Eventually, as our plane quietly accumulated frost on the tarmac, we were loaded onto several buses, and taken off to a hotel away from the city centre, the scene of recent anti-Russian demonstrations, which were to lead a few weeks later to Ukraine’s pro-Russian government being driven from power. And then to a western-leaning, pro EU government being elected…and then, to Putin sending in troops to annexe Crimea…
Thus echoes of one of the oddest episodes in my travels have been summoned by grim, surreal images of the Russian invasion, eight years on. The news is so distressing for all of us, left watching impotently while homes and hospitals are destroyed, blood is shed, and civilian lives shattered at the whim of a crazily deluded despot.
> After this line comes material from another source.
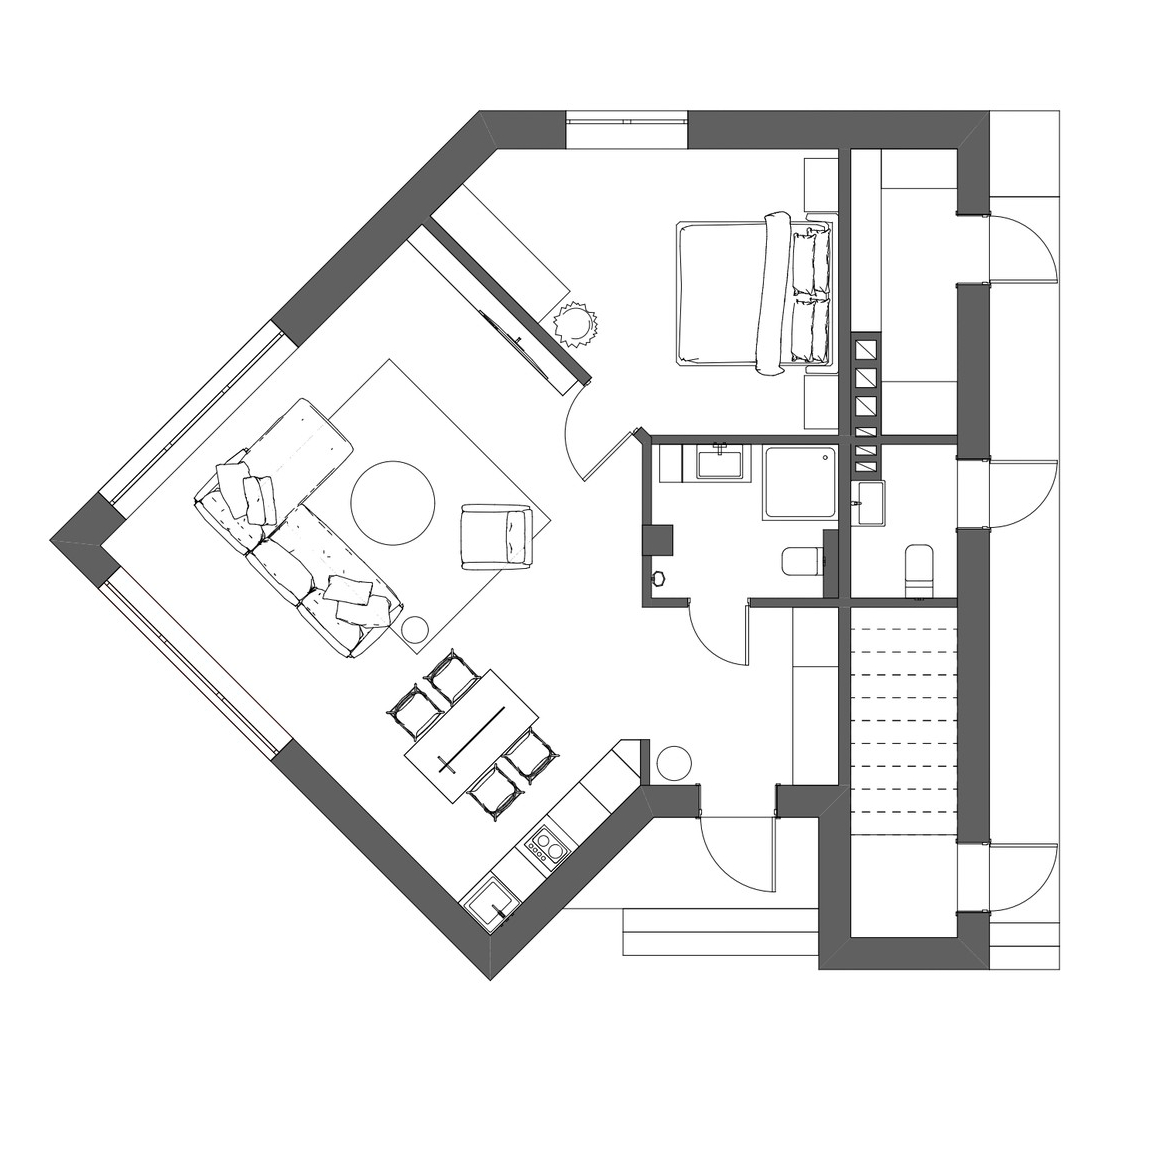 Sơ đồ thiết kế ngôi nhà diện tích 80m² của cặp vợ chồng son do Anna Usova cung cấp.
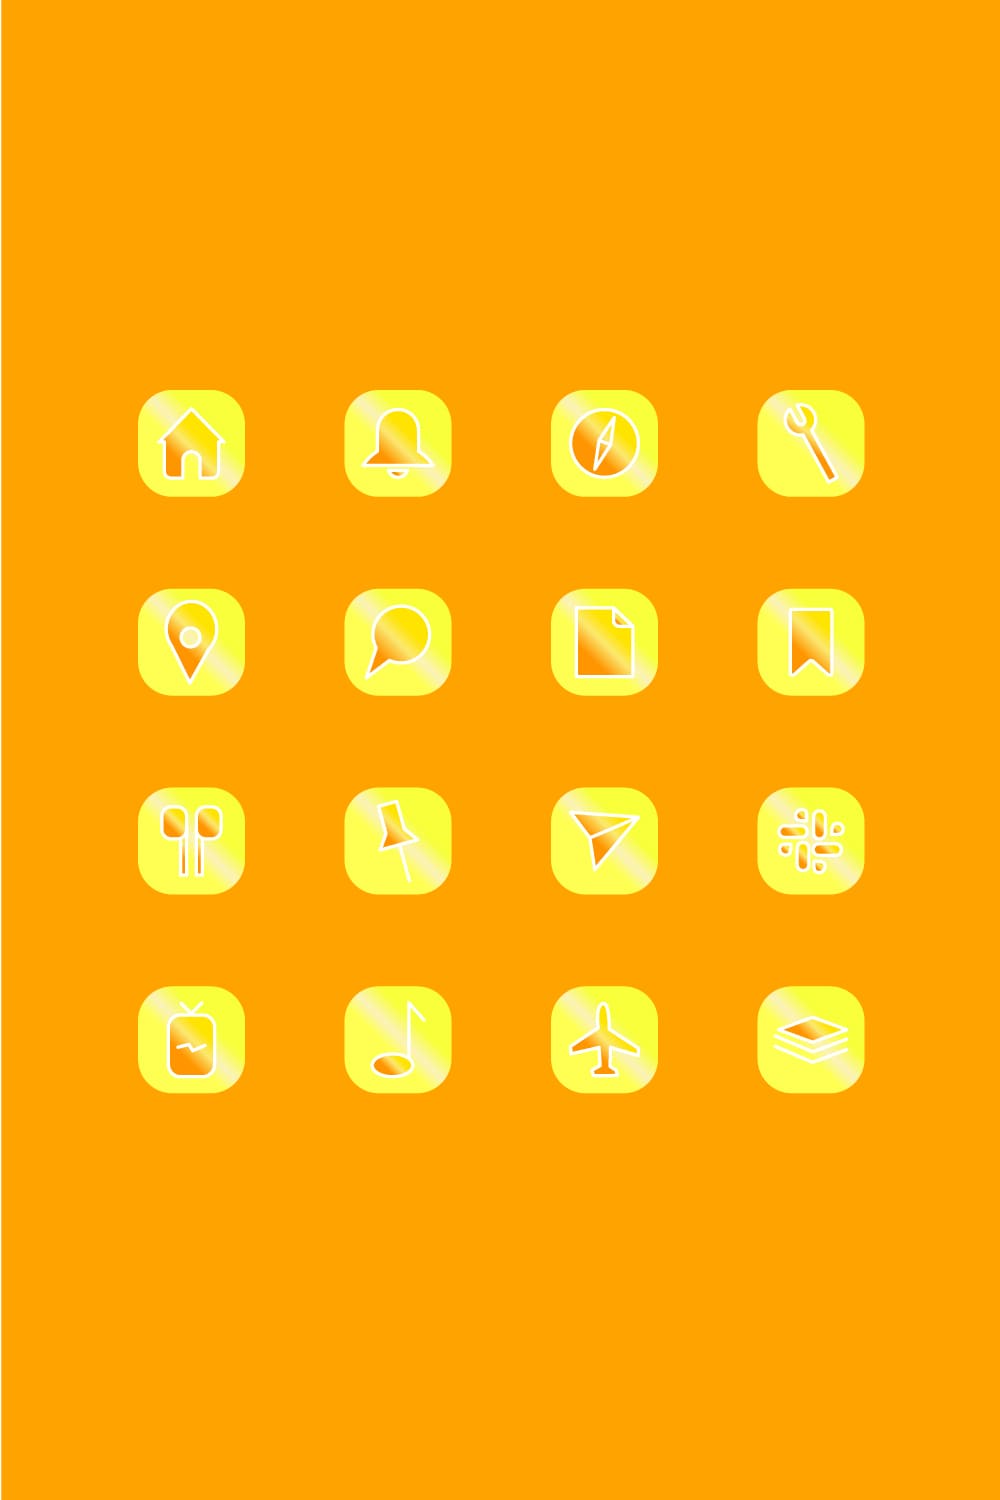 Yellow App Icons Aesthetic Pinterest.

And how remarkable that the superbly heroic Ukrainian resistance is being led by an actor-turned President, the admirable Volodymyr Zelensky. It’s weirdly pleasing to know that his impressive c.v. as a performer includes providing the voice for both “Paddington Bear” movies – the Ukrainian counterpart of our own Ben Whishaw.
Photo: BBC
Ben of course is currently starring in the BBC adaptation of “This is Going to Hurt”, gaining lots of admirers in a rôle drawing on real-life experiences of an NHS doctor at a time when the public’s awareness of our health service has never been higher. Ironically, also now at a time when horrific international events obliterate recent memories of the scorn and disregard for all patients and medics shown by our own, elected political leaders. Given the shocking images and reports arriving every few minutes on our screens and radios – how trivial and pointless seem our “party-gate” concerns. But, but…those events nonetheless happened, and since we are so very fortunate to live in a democracy, let’s not forget that the sub-Churchillian platitudes now uttered in Downing St are from the same mouths that quaffed wine as fellow citizens suffered, and mocked the laws they themselves had made.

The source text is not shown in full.